Indian Monsoon Rainfall
Site U1443 SummaryDownload PDF
Background and Objectives
Ninetyeast Ridge represents the trace of the Kerguelen/Ninetyeast hotspot prior to the middle Eocene rifting [Peirce, Weissel et al., 1989]. As a result of northward movement, Site U1443 moved from temperate southern latitudes during the Campanian, to ~5° south near the Oligocene/Miocene boundary and to its 5°N present location in the southernmost Bay of Bengal. The site has been within 10° of the equator for the past 35 Ma [Peirce, Weissel, et al., 1989]. The ridge-top location has prevented the deposition of sedimentary sequences typically associated with fan transport processes and is thus a useful location for recovery of open-ocean pelagic sediments.

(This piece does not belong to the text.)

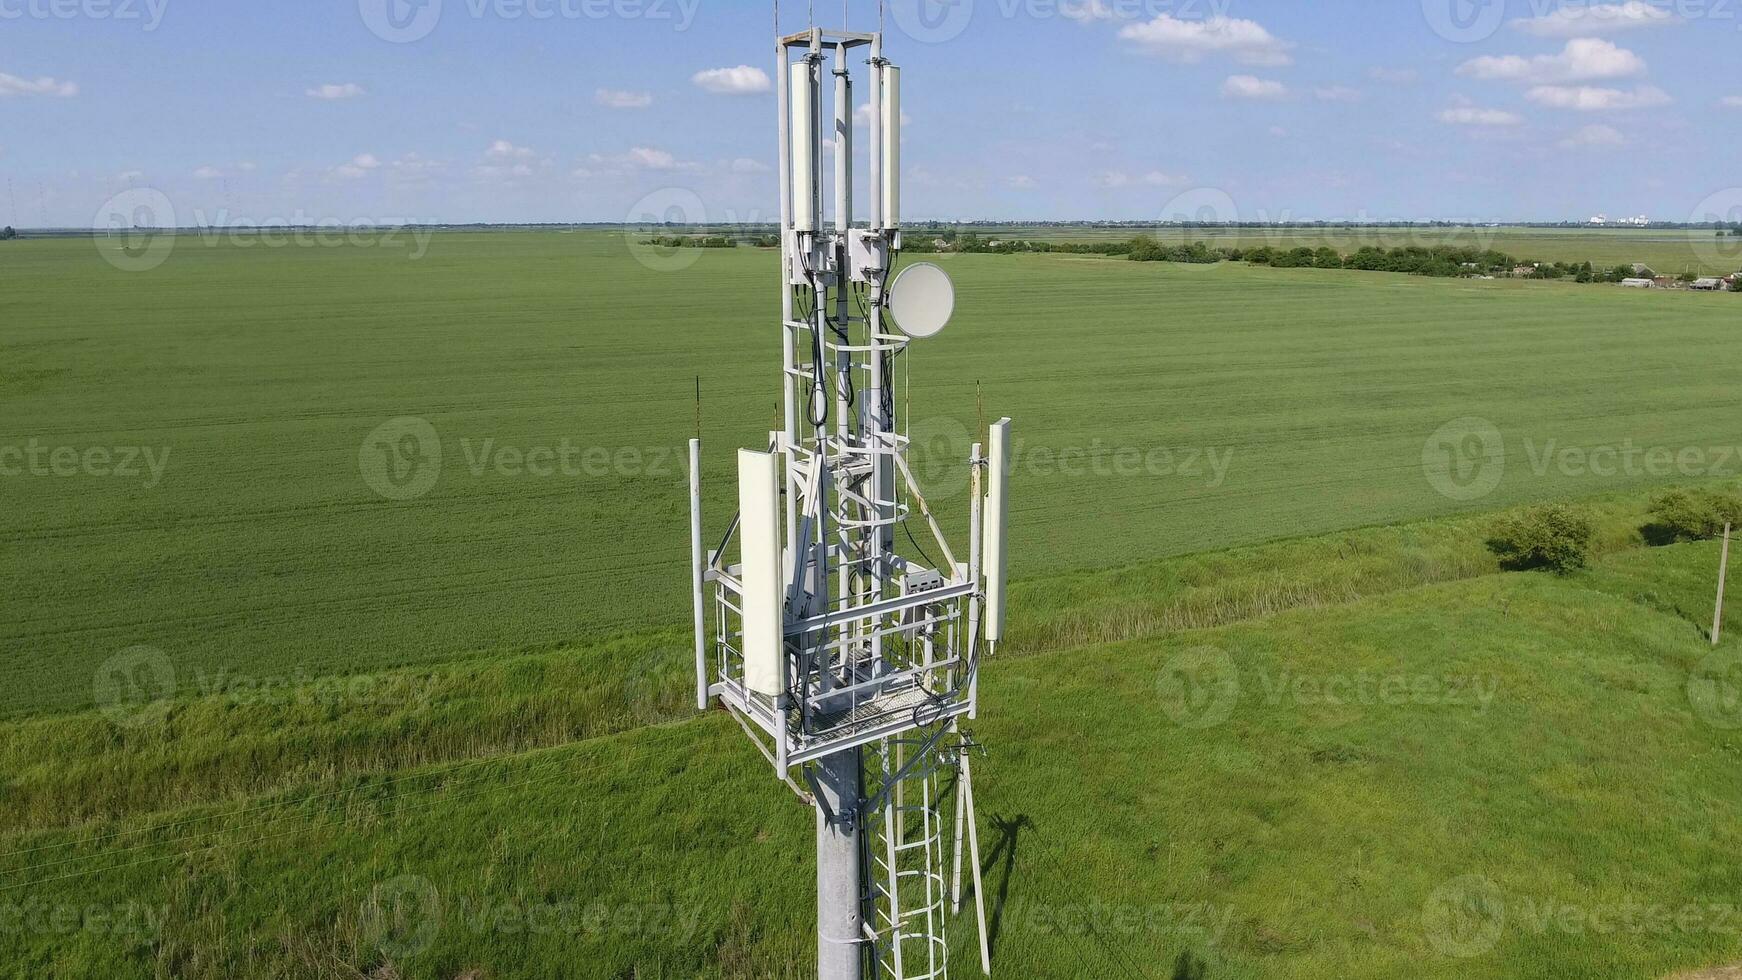 cellulaire la tour. équipement pour transmission cellulaire et mobile signal photo

Site U1443 is located ~100 m southeast of Ocean Drilling Program (ODP) Site 758, on the crest of the Ninetyeast Ridge and is a re-drill of ODP Site 758. Previous drilling at this site included overlapping holes (ODP 758A and 758B) only for the uppermost 92 m of the total 527 m of sediments drilled. This limited the resulting composite record to the past 7.3 Ma [Farrell and Janecek, 1991].

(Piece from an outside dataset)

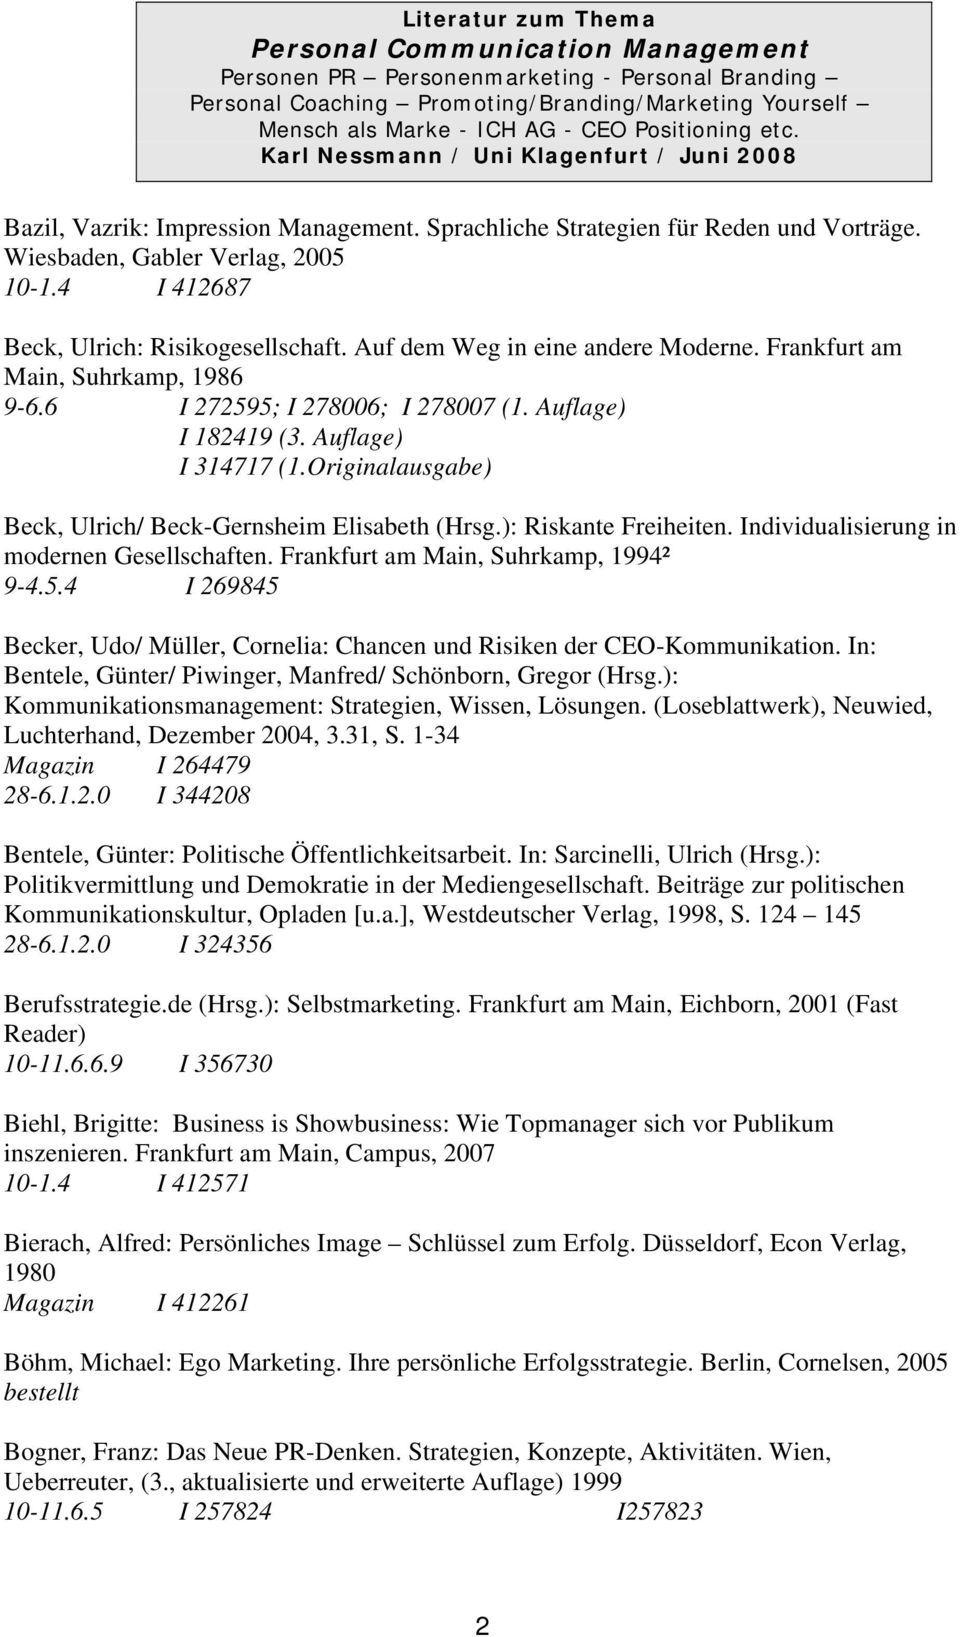 Originalausgabe) Beck, Ulrich/ Beck-Gernsheim Elisabeth (Hrsg.): Riskante Freiheiten. Individualisierung in modernen Gesellschaften. Frankfurt am Main, Suhrkamp, 1994² 9-4.5.

In spite of these limitations, the IODP sample database shows that over 16,000 sediment samples have been taken from ODP Site 758 cores in the last 10 years. Parts of the upper-most sections are almost entirely depleted and sampling has move to the archive half. Recent research using ODP Site 758 sediments include high resolution (sub-orbital) late Pleistocene reconstruction of changes in upper water-column structure based on multi-species planktonic foraminifera records [Bolton et al., 2013], reconstruction of the Li isotope composition of seawater over the past 70 Ma [Misra et al., 2012], Late Cretaceous to early Eocene reconstruction of seawater Neodymium [Le Houedec, 2011] and glacial-interglacial scale reconstruction of Os isotopic composition of seawater [Burton, 2010]. The re-drilling of ODP Site 758 had the following main objectives:
- Establish a composite section for the entire Miocene–Oligocene sedimentary succession at the Ninetyeast Ridge, which would be the base for establishing a first orbitally tuned Indian Ocean isotope stratigraphy for this time interval.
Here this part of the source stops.